PROVIDED DATA:
########################################
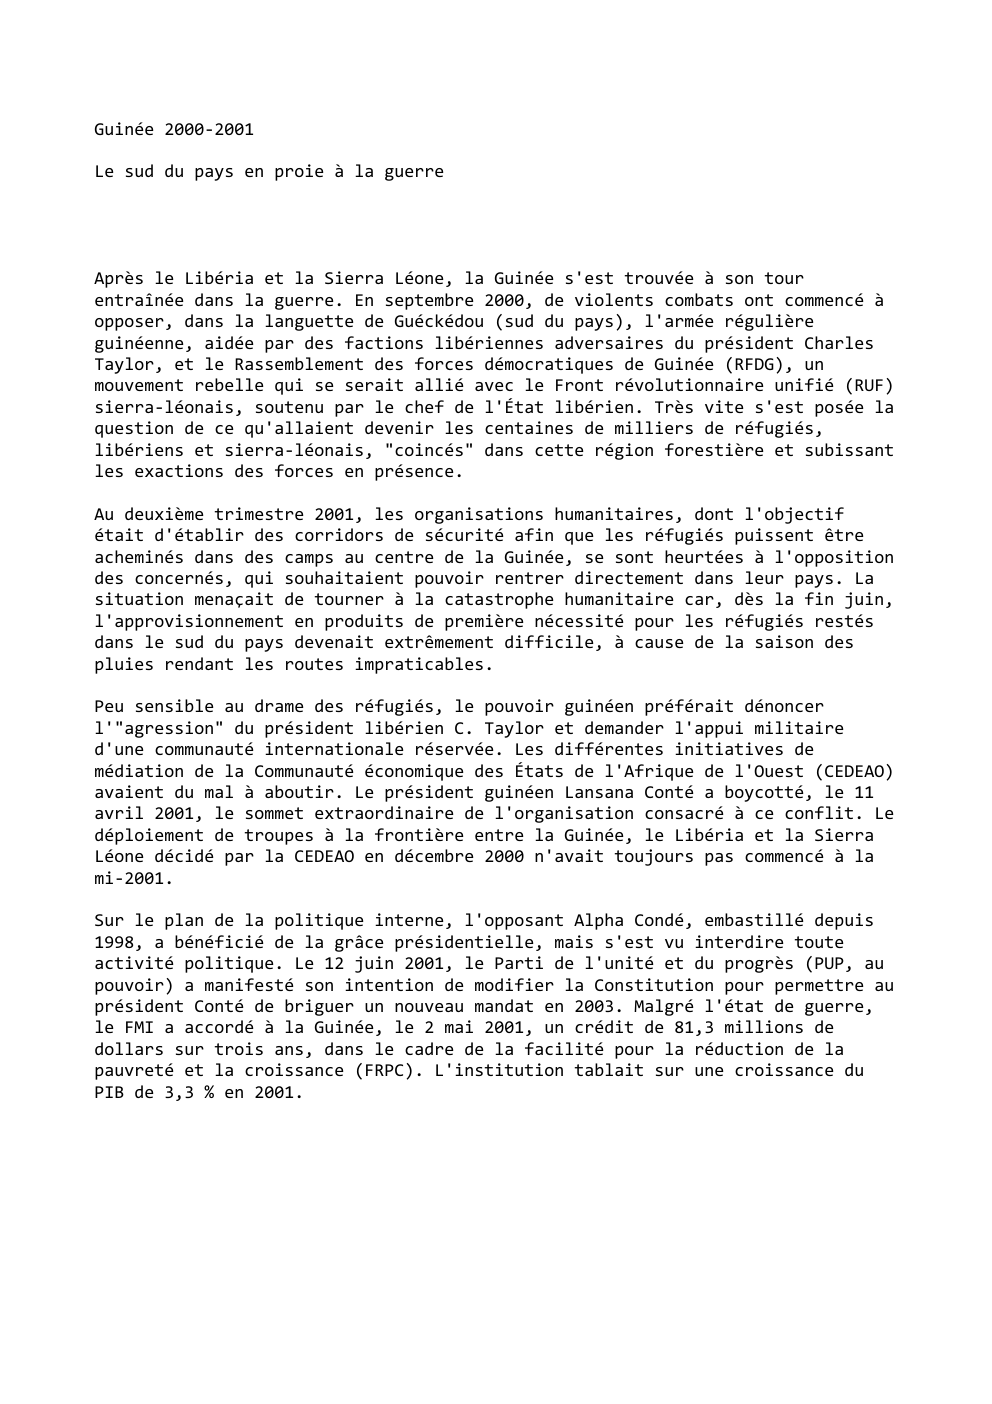 Prévisualisation du document Guinée 2000-2001
Le sud du pays en proie à la guerre

Après le Libéria et la Sierra Léone, la Guinée...
########################################
WHAT YOU SHOULD DO:
Lines before the one containing "Le sud du pays en proie à la guerre" stay out; reproduce that line and all the lines after it, through the end of the listing, exactly.

TASK RESPONSE:
Le sud du pays en proie à la guerre

Après le Libéria et la Sierra Léone, la Guinée...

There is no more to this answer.